## WORK INSTRUCTIONS:
Output the data below exactly, images excluded.

## RECORDED INFORMATION:

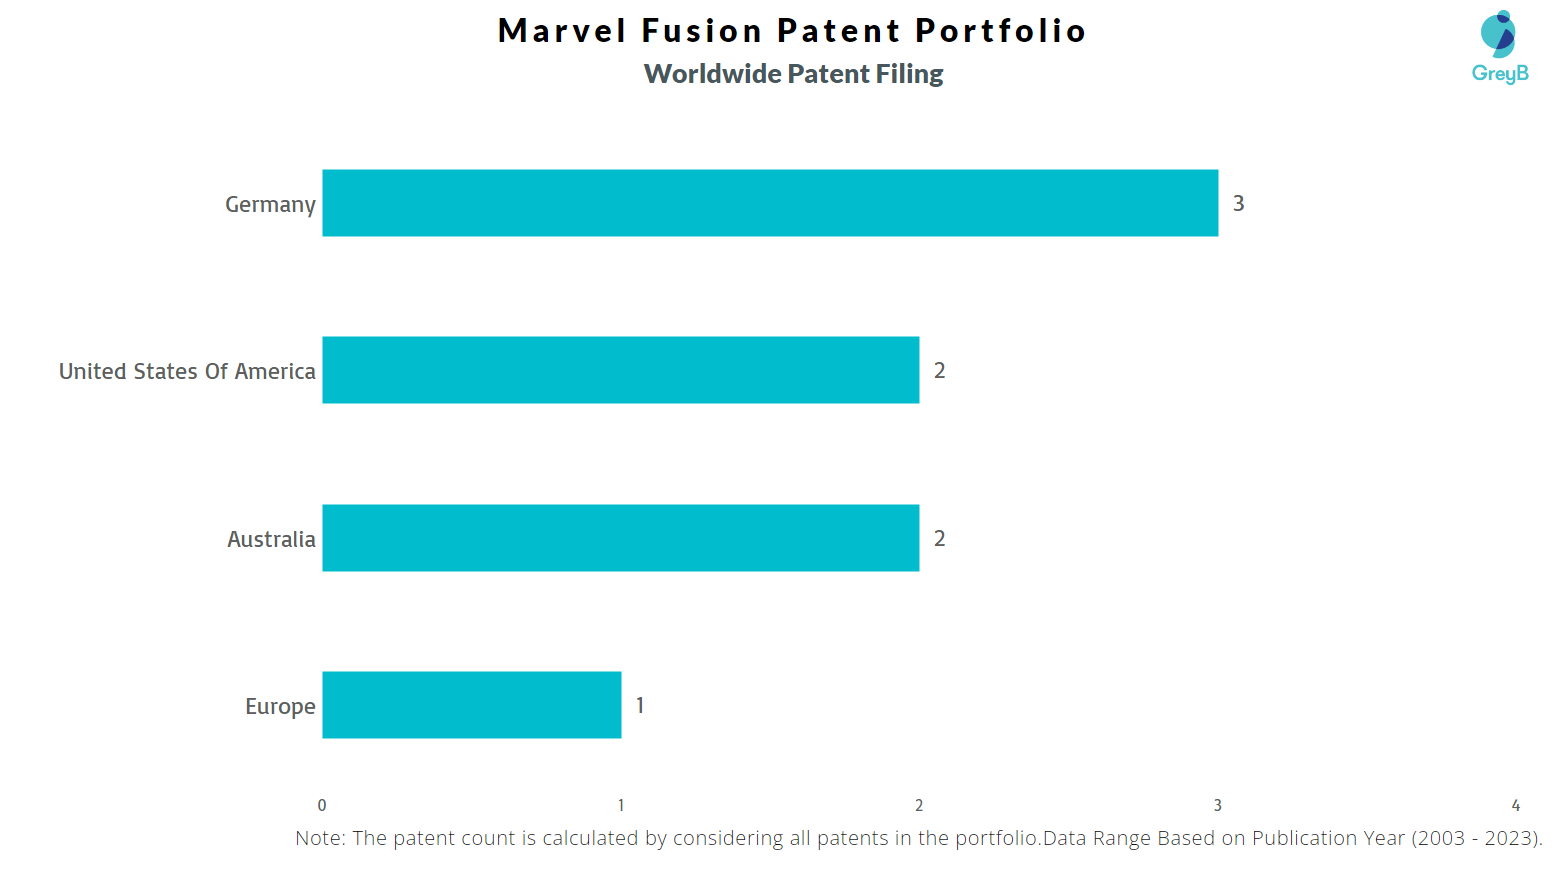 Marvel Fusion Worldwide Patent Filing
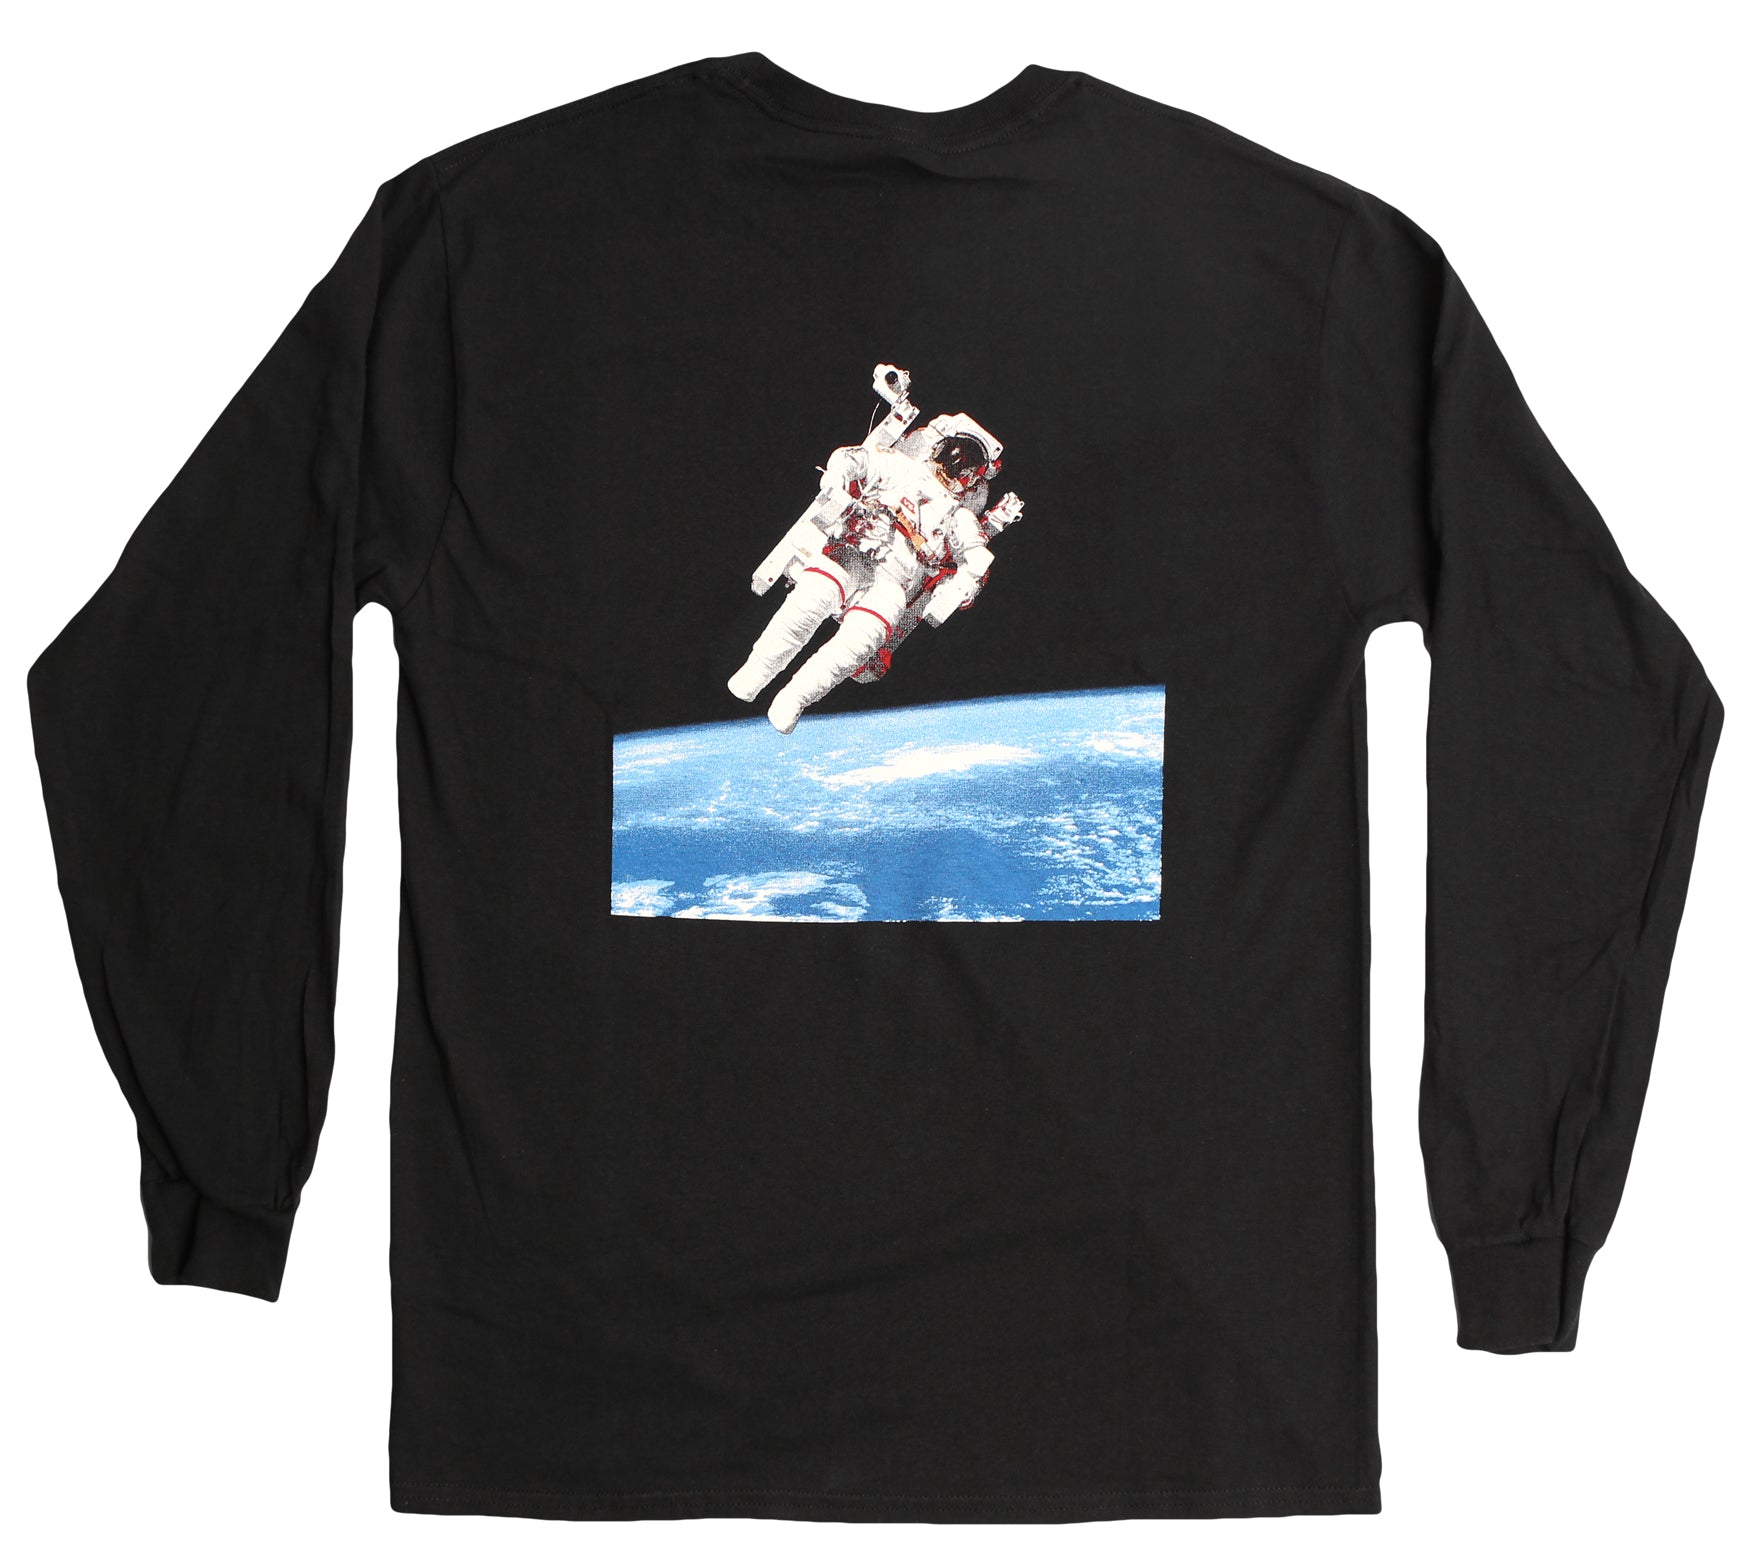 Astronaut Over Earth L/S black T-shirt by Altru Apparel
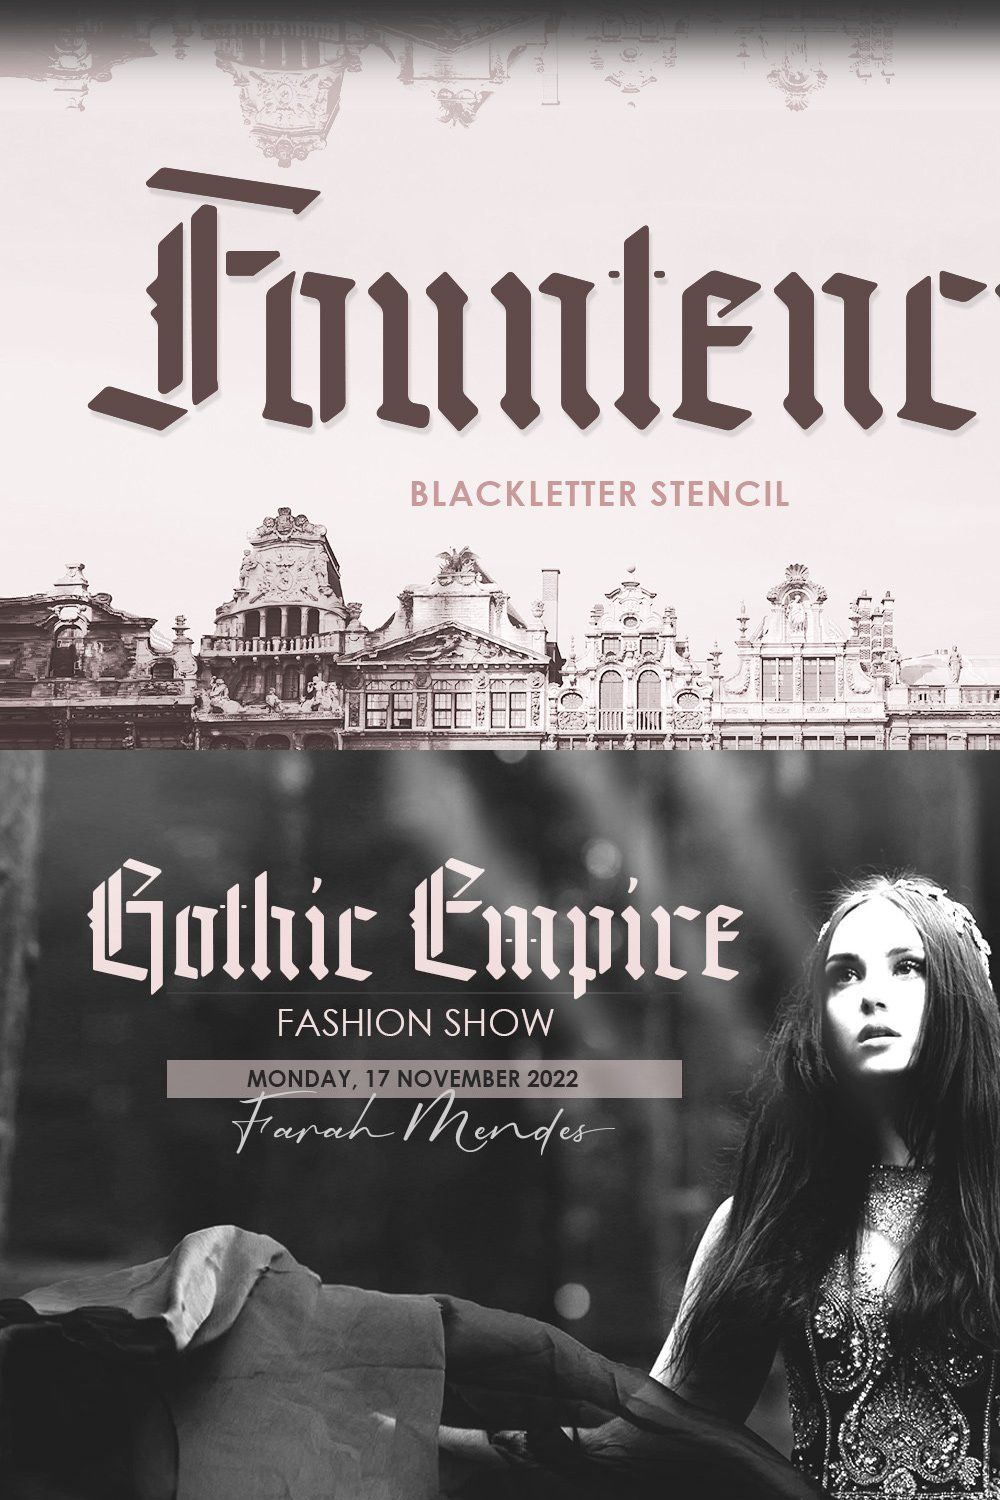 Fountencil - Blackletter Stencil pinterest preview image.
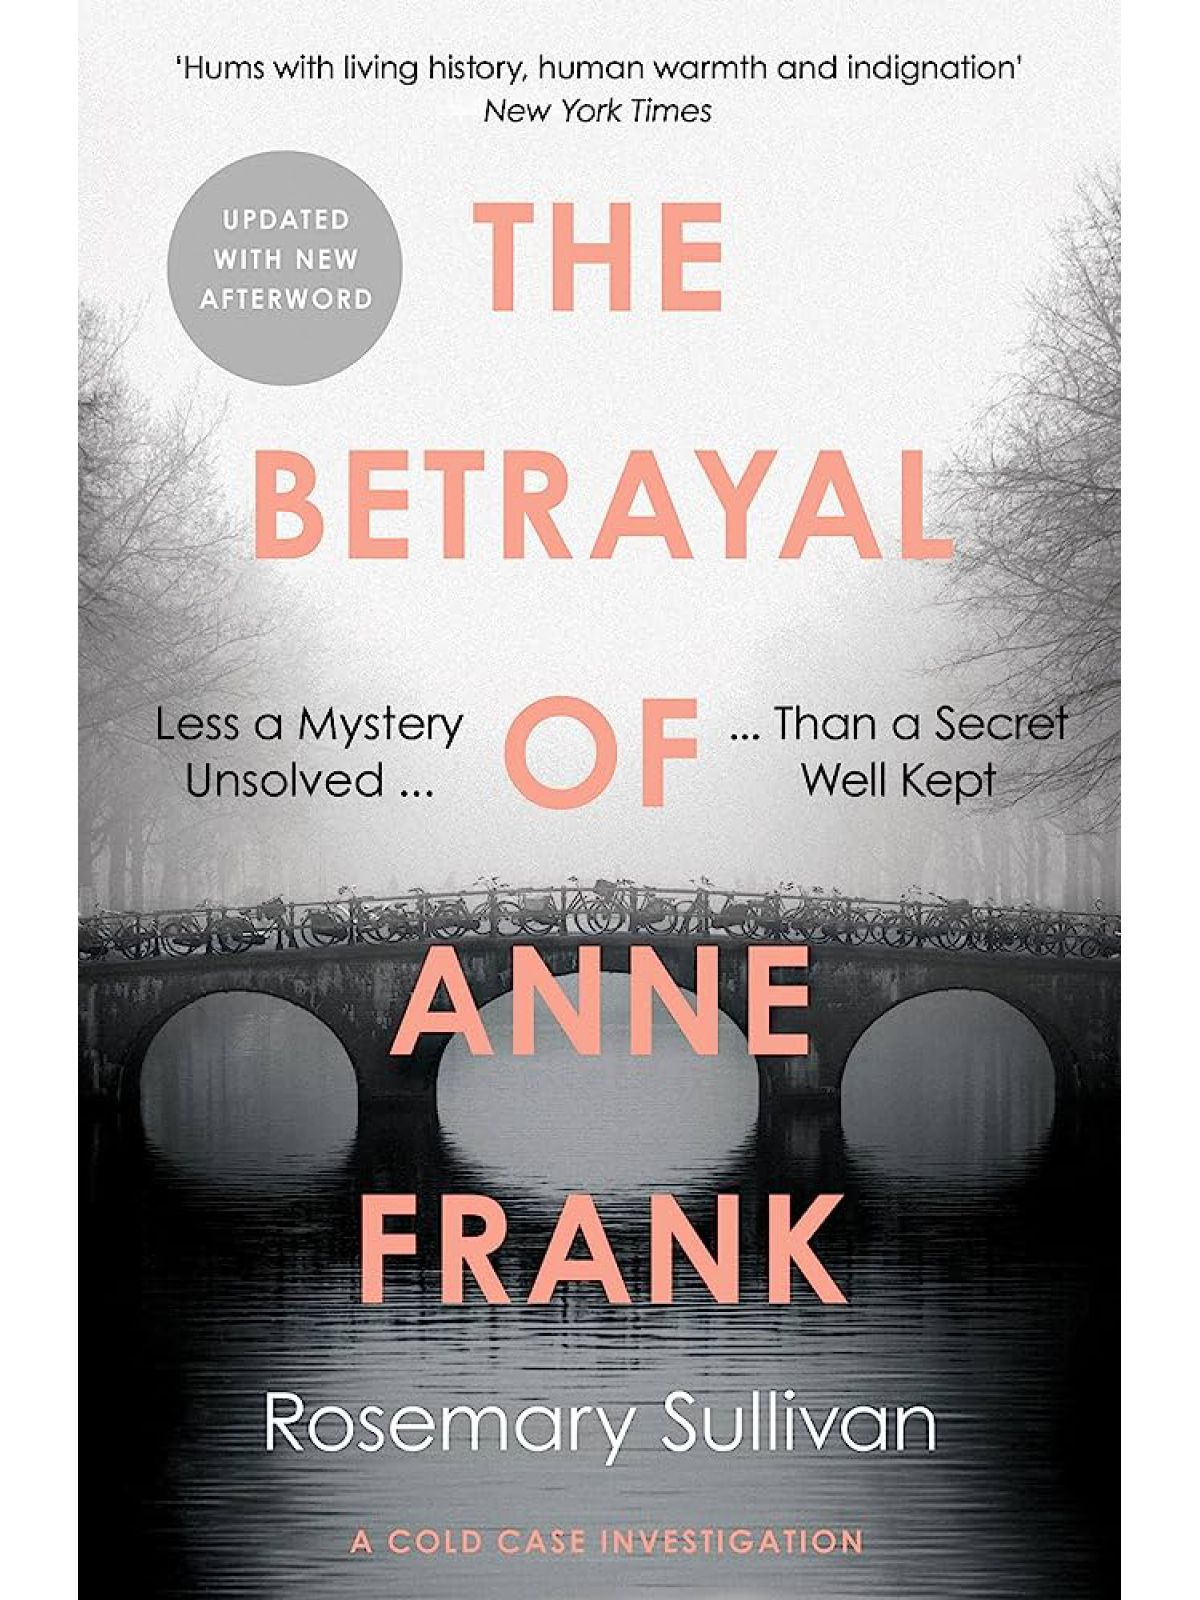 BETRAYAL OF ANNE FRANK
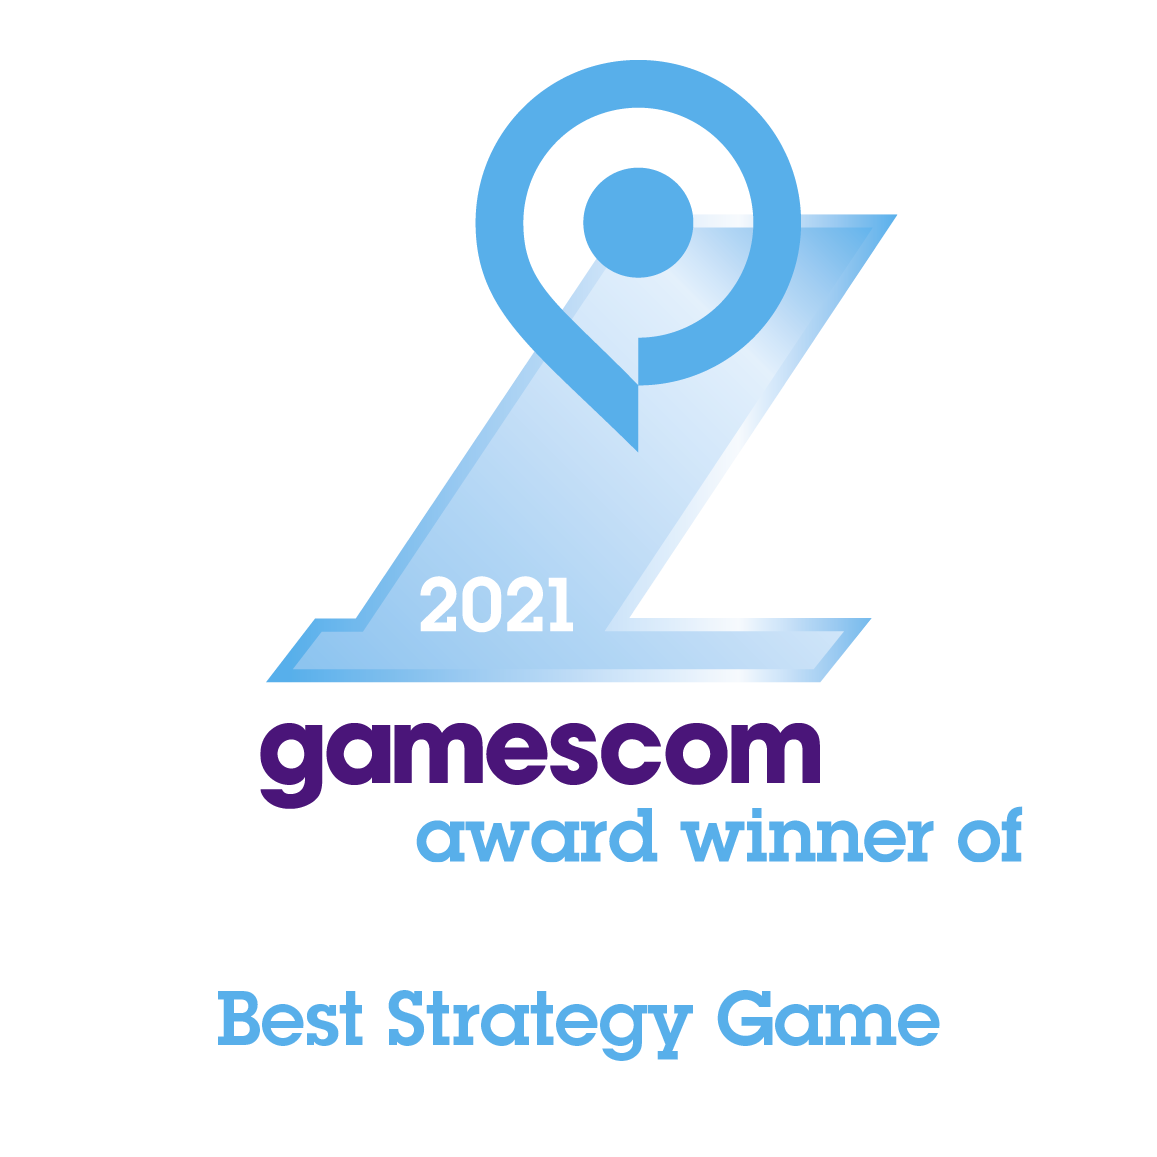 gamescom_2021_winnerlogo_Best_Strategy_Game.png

## YOUR RESPONSE:
 Marvel Fusion Worldwide Patent Filing
 Astronaut Over Earth L/S black T-shirt by Altru Apparel
 Fountencil - Blackletter Stencil pinterest preview image.
 BETRAYAL OF ANNE FRANK
 gamescom_2021_winnerlogo_Best_Strategy_Game.png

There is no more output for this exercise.